門外響起腳步聲,我趕緊將信箋放回公文包裏,把它塞進被褥中。
“——王茜情況有點糟糕。”劉凱威沙啞的聲音在門口響起。
我裝作若無其事地望著他,“怎麽回事?”
“那姑娘本來就有心髒病,被嚇了一下,怕是複發了。”他沉著臉。
“心髒病?怪不得看她的臉色老覺得有些不對勁!”我想起那張蒼白的麵孔。
“希望別再出事了,”劉凱威走到房子中央,抬頭看著時鍾,“我已經叮囑陳俊生將她看好——喲,不知不覺都九點了!”
“今晚還有打算麽?”我暗示他可以結束了。
他壓低聲道:“有,要讓客人們做好防範。”
“唯一的防範便是鎖好門,警官。”
“總比不采取措施要好。”
從他的神情中我能感受到氣氛的緊迫。
“我發現兩名受害者都是獨處一室時被人殺害的,考慮到這一點……咦——”他猛地一怔,“林老太呢?”
“林老太?她一個人住啊。”
“她怎麽會一個人住?”劉凱威臉上寫著困惑。
“袁小姐搬出來了——”
“噢,我想起來了,”他頓悟道,隨即變得嚴肅,“不行,這樣可不安全。”
“那怎麽辦?你讓她跟誰住?”
劉凱威被我難倒了,使勁蹙著眉。末地,他喃喃道:“你說一個老人家,單獨住一個房間,還是在三樓,挨著雜物房,萬一那個怪物……”

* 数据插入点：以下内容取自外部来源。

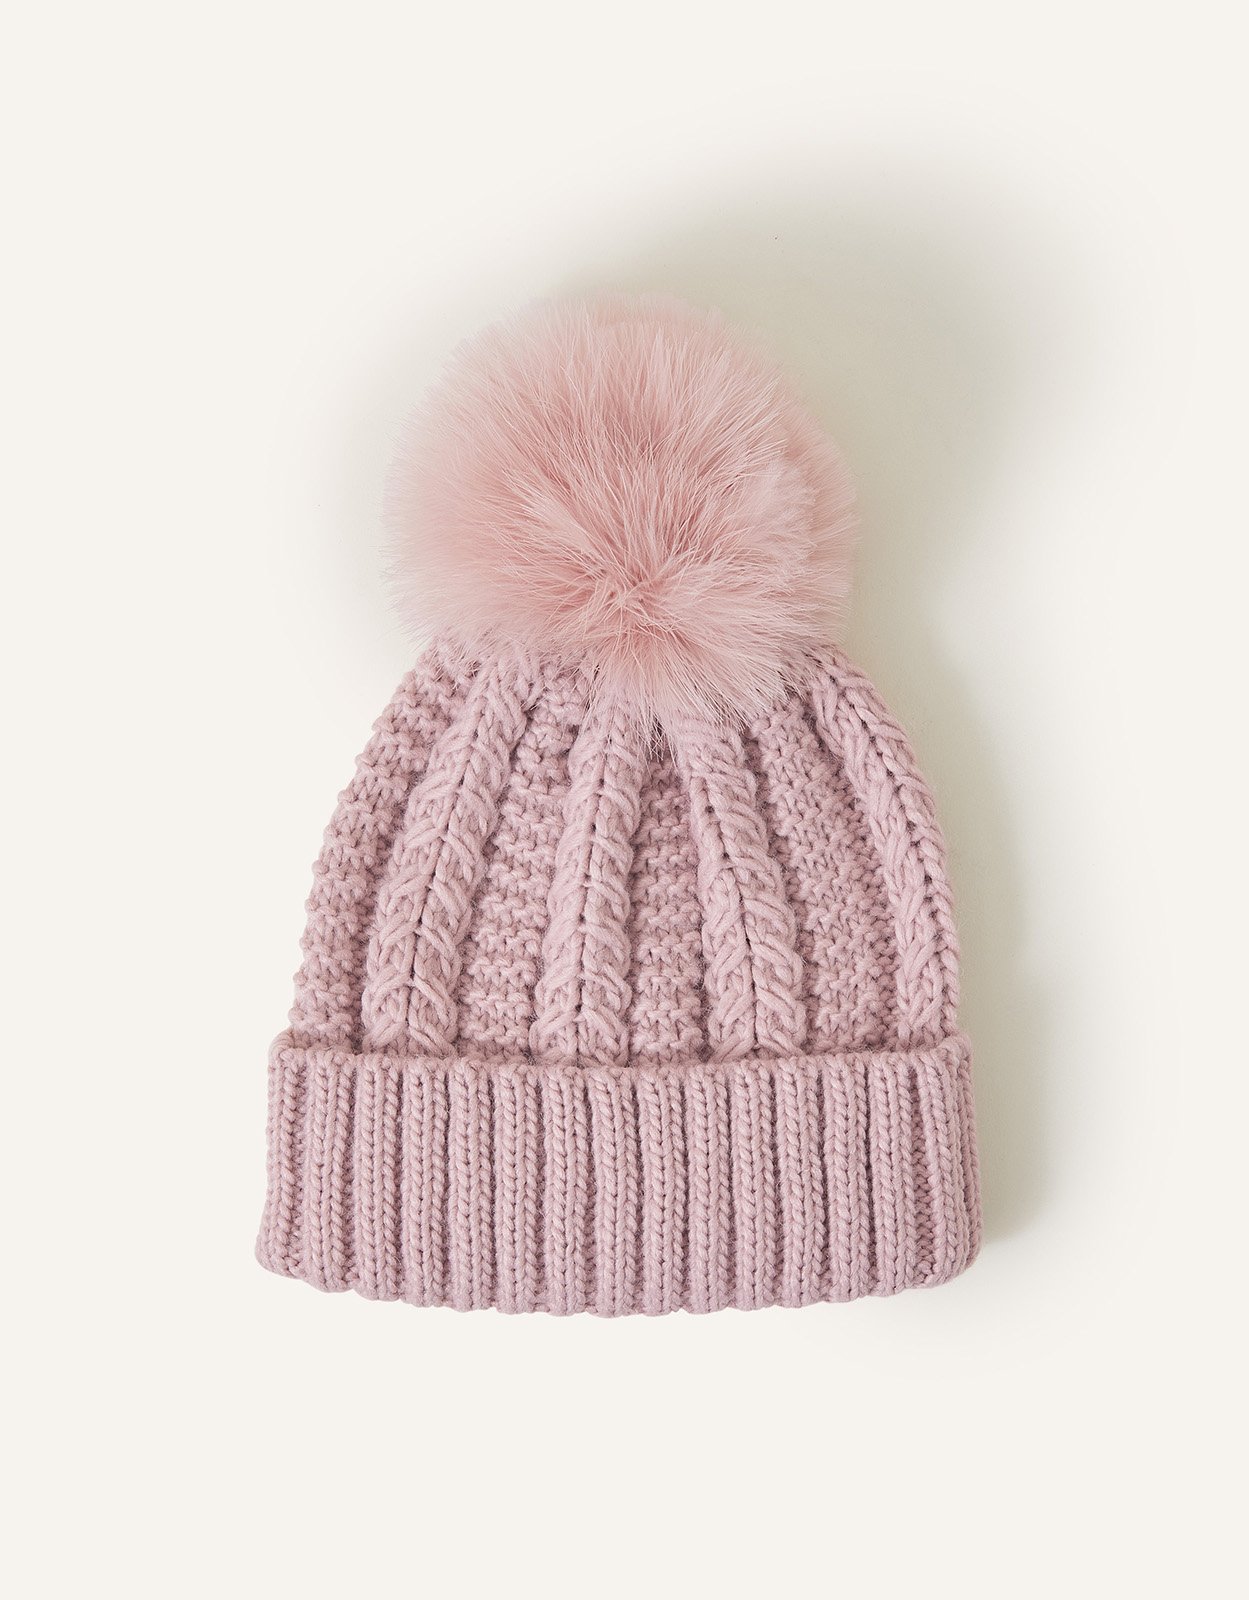 Accessorize Faux Fur Pom-Pom Beanie Hat Pink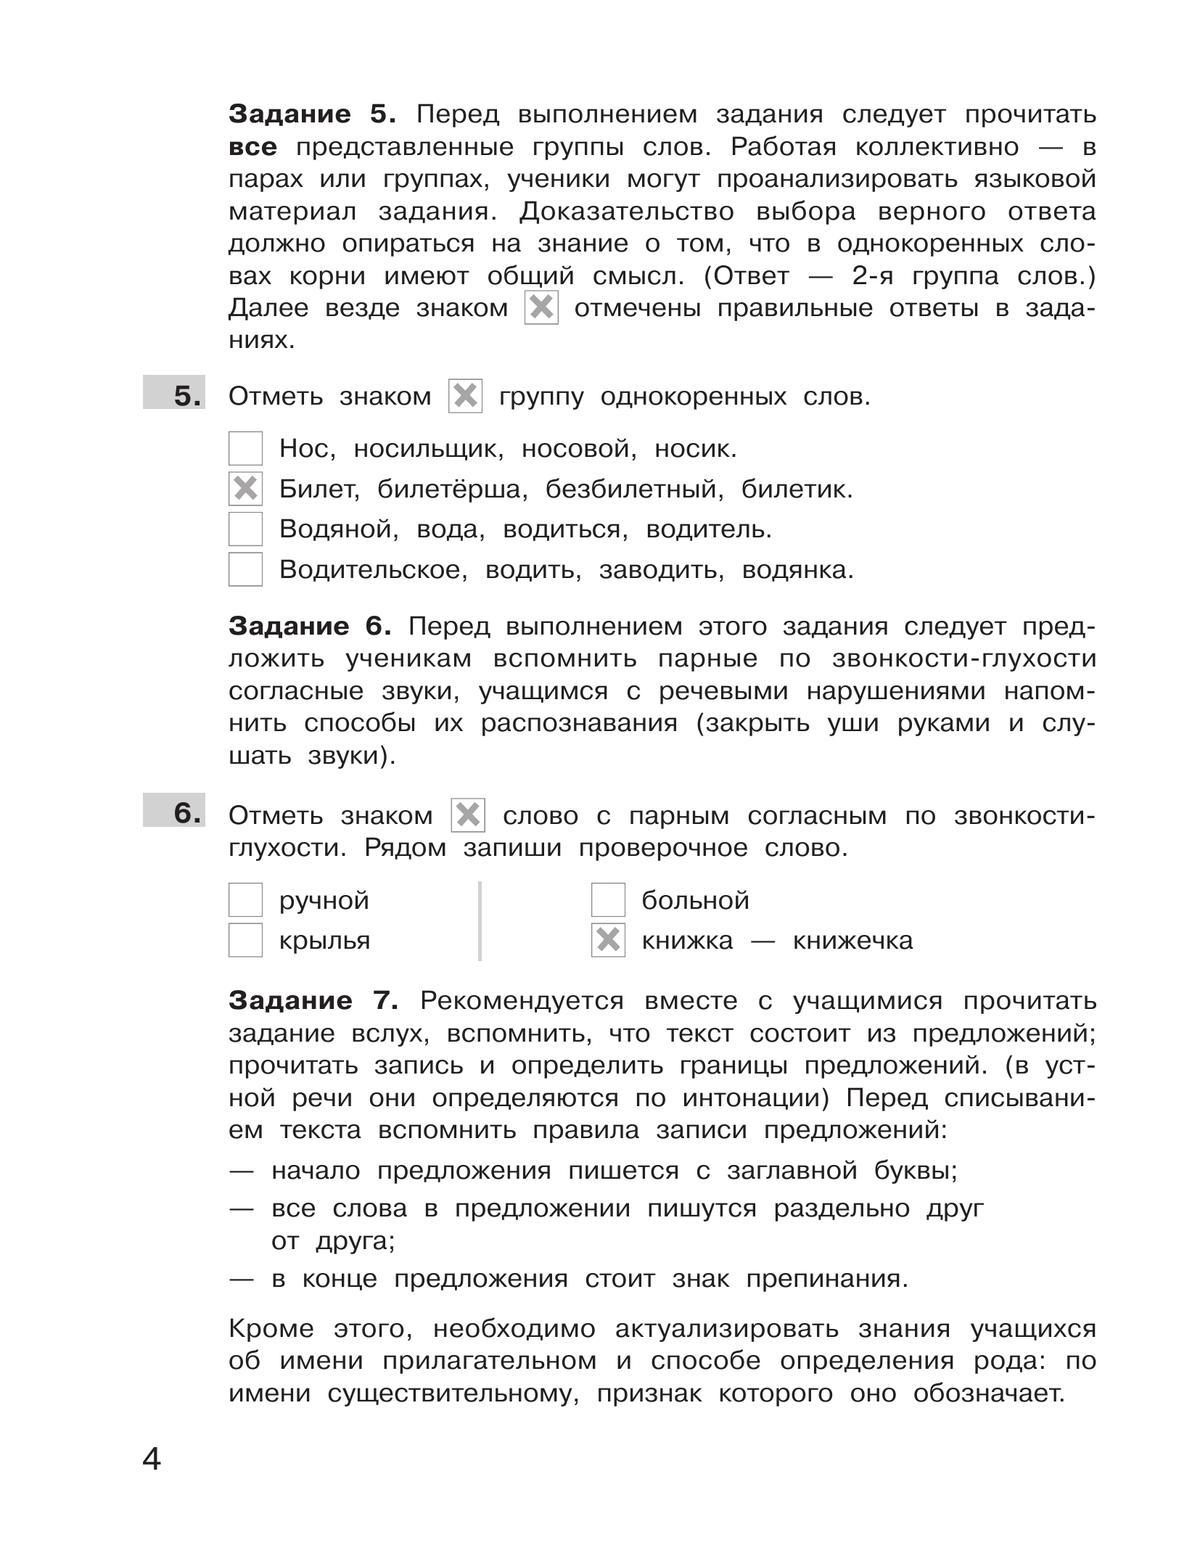 Подготовка к Всероссийской проверочной работе по русскому языку. 2 класс 5

他促使我展開恐怖的遐想,“我上去找她吧,勸她下來住。”
“這——”
沒等他說完,我便出了房間,踩著嘎吱作響的木製樓梯來到三樓。三樓空空****,昏黃的廊燈如水銀從頭頂瀉落,使樓道籠罩在一片靜謐之中。空氣又濕又冷,讓人產生置身於湖畔的錯覺。
我摁下302的門鈴,沒人應,又摁了兩遍,還是沒人應。